さっきから何故そんな話を単純化させようとするのだろう。『メトロトレミー』はバトルものでもホラーでもないのだ。あえて言うなら…ヒューマンドラマかな。


「戦ったりもするけどね。普通に仲良くなったりもするかな」

「何のために戦うの?」

「極めて簡単に話すと、悪の能力者がいるんだよね。トレミーの48星座の中のいずれかの星座の能力を持った人間の中には悪人もいるから、同じ能力者として戦うんだ」

「ふーん。で、なんでなの?」

「え?なんでって?」

「いや、最終目標の一つとして、自分達が誘われた地下鉄の謎みたいなのを明らかにすることもあったわけでしょ?」

「…まだ謎のままだよ」


私がそういうと、小林さんは驚いた顔をした。

「え?もう五年くらい続いてるよね?」

「うん。でも謎は一つも明らかになってないね」

「そ、そうなんだ」

「それはそれでいいんだよ。みんな考察するのが楽しいんだし」

もういい加減皆薄々気づいてるんだよ!在野さんに風呂敷を上手に畳む能力がないことくらい!

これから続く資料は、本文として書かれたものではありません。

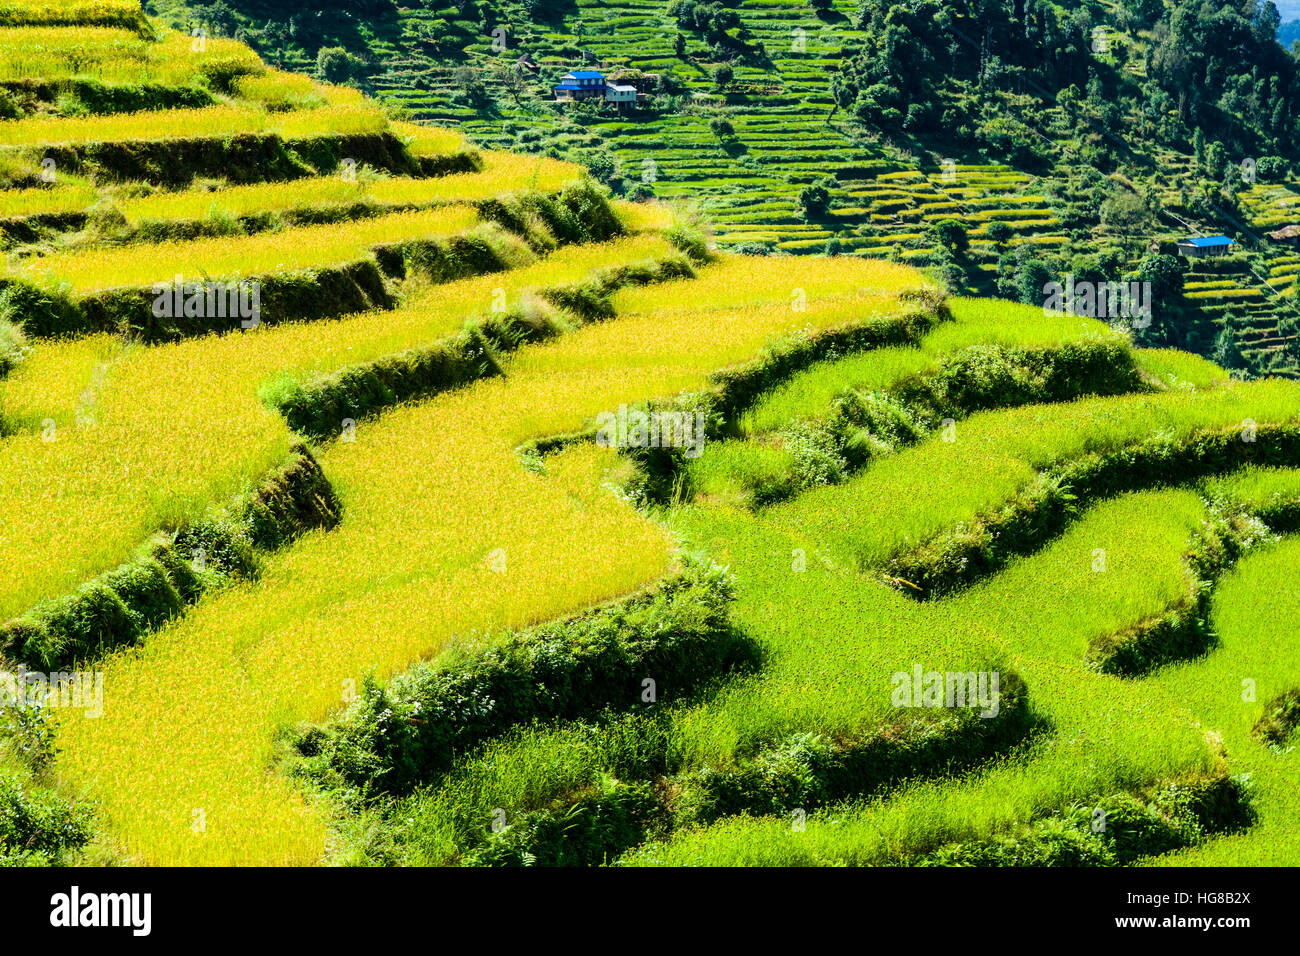 Paysage agricole vert, rizières en terrasses et les champs d'orge dans la vallée de la modi Khola, Landruk, district de Kaski, Népal Banque D'Images

今回のトークは一切響いた感じがしなかったが、小林さんは意外なことを言った。

「ふーん。じゃあさ、今度貸してくんない?一回読んでみる。アニメも、観てみたいし」

「アニメは観ない方がいいと思うけど、興味持ってくれた?」

「んにゃ、意外と小園井さんって話しやすくて面白い奴だなって思っただけ」

「なんだそりゃ」


私は全く理解出来ていなかったのだが、どうやら彼女の中で何か納得があったらしく、「じゃあね」と一言言い残すと、小林さんは帰ってしまった。よく分からないことばっか言われてムカついたので、これからも彼女を時の神と呼び続けようと私は決意したのだった。